La Costa Sud, posta nell’oltre Oreto, chiude il golfo d’una perduta ‘felicissima’ città di Palermo; un’area conosciuta, prima del toponimo ‘Romagnolo’, come ‘Mustazzola’: parte costiera che guarda verso oriente, attraversata, in parallelo col mare, dalla lunga e mobile ferita di via Messina Marine, l’antica “Colonnetta”, e, fino al 1959, affiancata dalla ferrovia a scartamento ridotto che collegava, dal 1886, Palermo-Corleone-San Carlo. Popolosissima via, tumultuosa per l’intenso e orientaleggiante traffico panormita, e che, allo stesso tempo, mostra il lento e inesorabile degenerare, il pervicace consumo del suo letto geologico, un andare, un implodere verso un’incerta metamorfosi.

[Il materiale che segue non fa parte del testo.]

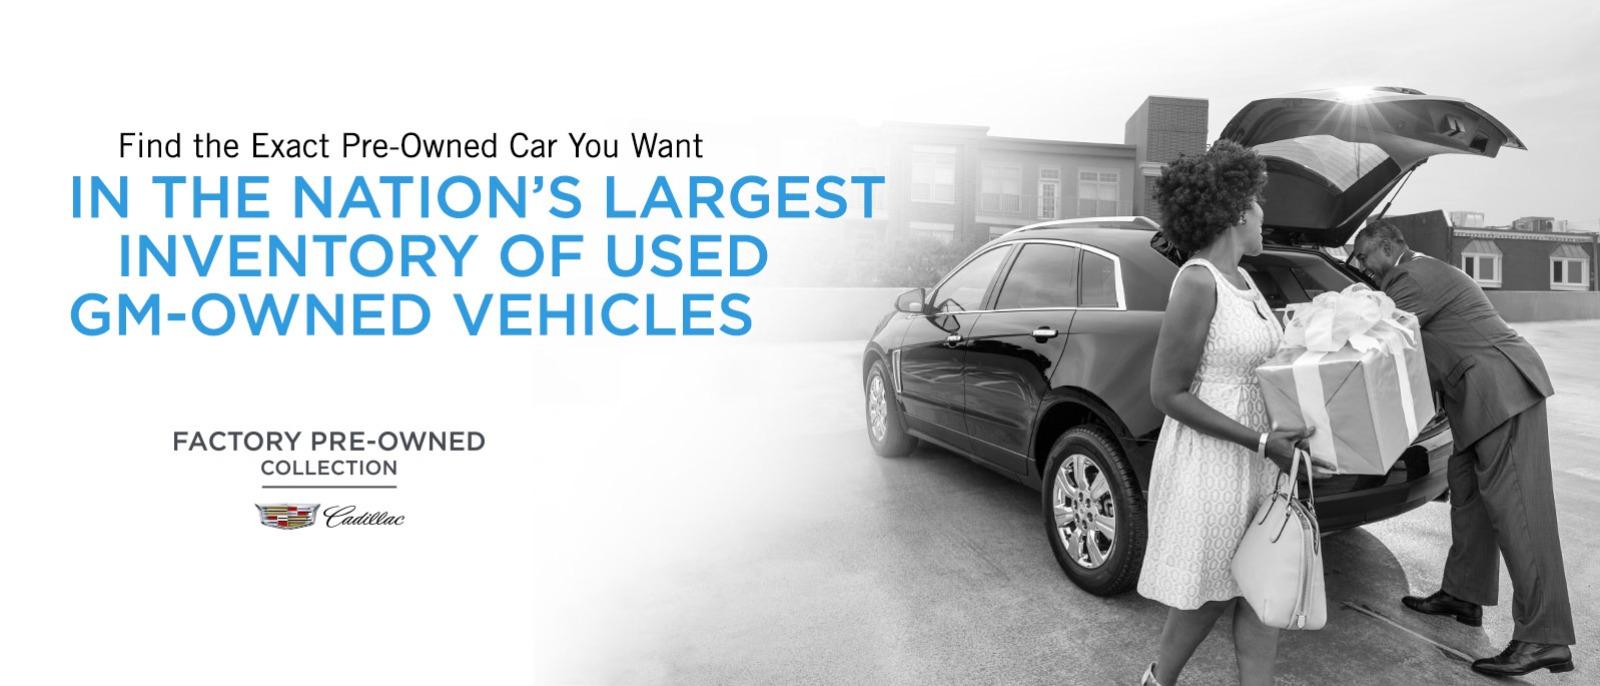 Find the exact pre-owned car you want at Bob Moore Cadillac of Edmond.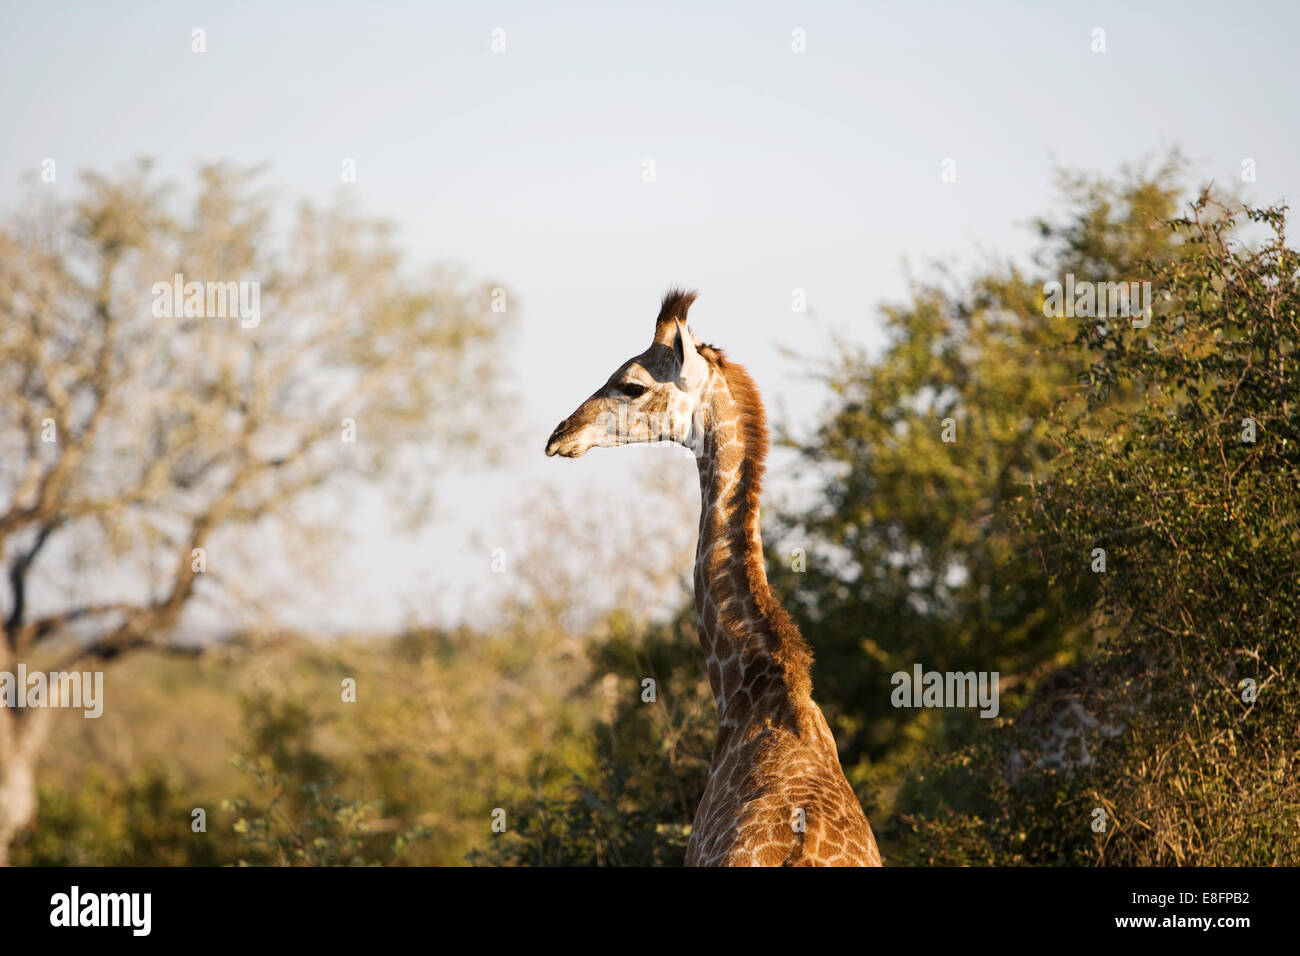 South Africa, Rear view of giraffe Stock Photo

Essa si consuma, appunto, in quel collidere contro ogni etica ambientale, sociale, sfiancando deliberatamente l’ambiente, come in un nuovo, o meglio dire mai tramontato, ‘sacco di Palermo’. Un tratto urbano fuori da ogni morale, ingabbiato, – per quel suo essere estensione della città arabo-normanna, – dalla demagogia politica, dal sovraccarico criminale, dagli ingorghi della nostra modernità perfusa da un efficientismo tecnocratico. Tutto ciò è perpetrato con quella sfrontatezza propria delle congerie politiche avvicendatesi nei decenni e sempre sostenute, pur tra le mille sfaccettature, dall’incuria e dalla negligenza di buona parte dei cittadini, da stagionate contiguità malavitose. Una poliedrica esibizione di autorità politico-amministrativa, privata dai valori più elementari, suffragata dall’esercizio della dimenticanza, dalla pratica del rimandare, dall’uso di manzoniani registri azzeccagarbuglieschi a giustificare oscuri ‘commi’, legìne ad hoc, decreti ad usum Delphini, con l’affibbiare ad ignoti, a precedenti amministrazioni, ogni colpa di degrado, generando l’impossibilità di capire, così come recita un lontano titolo del poeta Edoardo Cacciatore, Ma chi è quì il responsabile?, e, per ironico sovrappeso, facendo uso di raffinate “estetiche delle macerie” in un abile camuffamento della realtà d’ambiente, magnificando a tutto tondo un ‘fare’ autoreferenziale, in cui fa capolino l’inveterata gestione “dell’appartenenza” nel noto calco democristiano.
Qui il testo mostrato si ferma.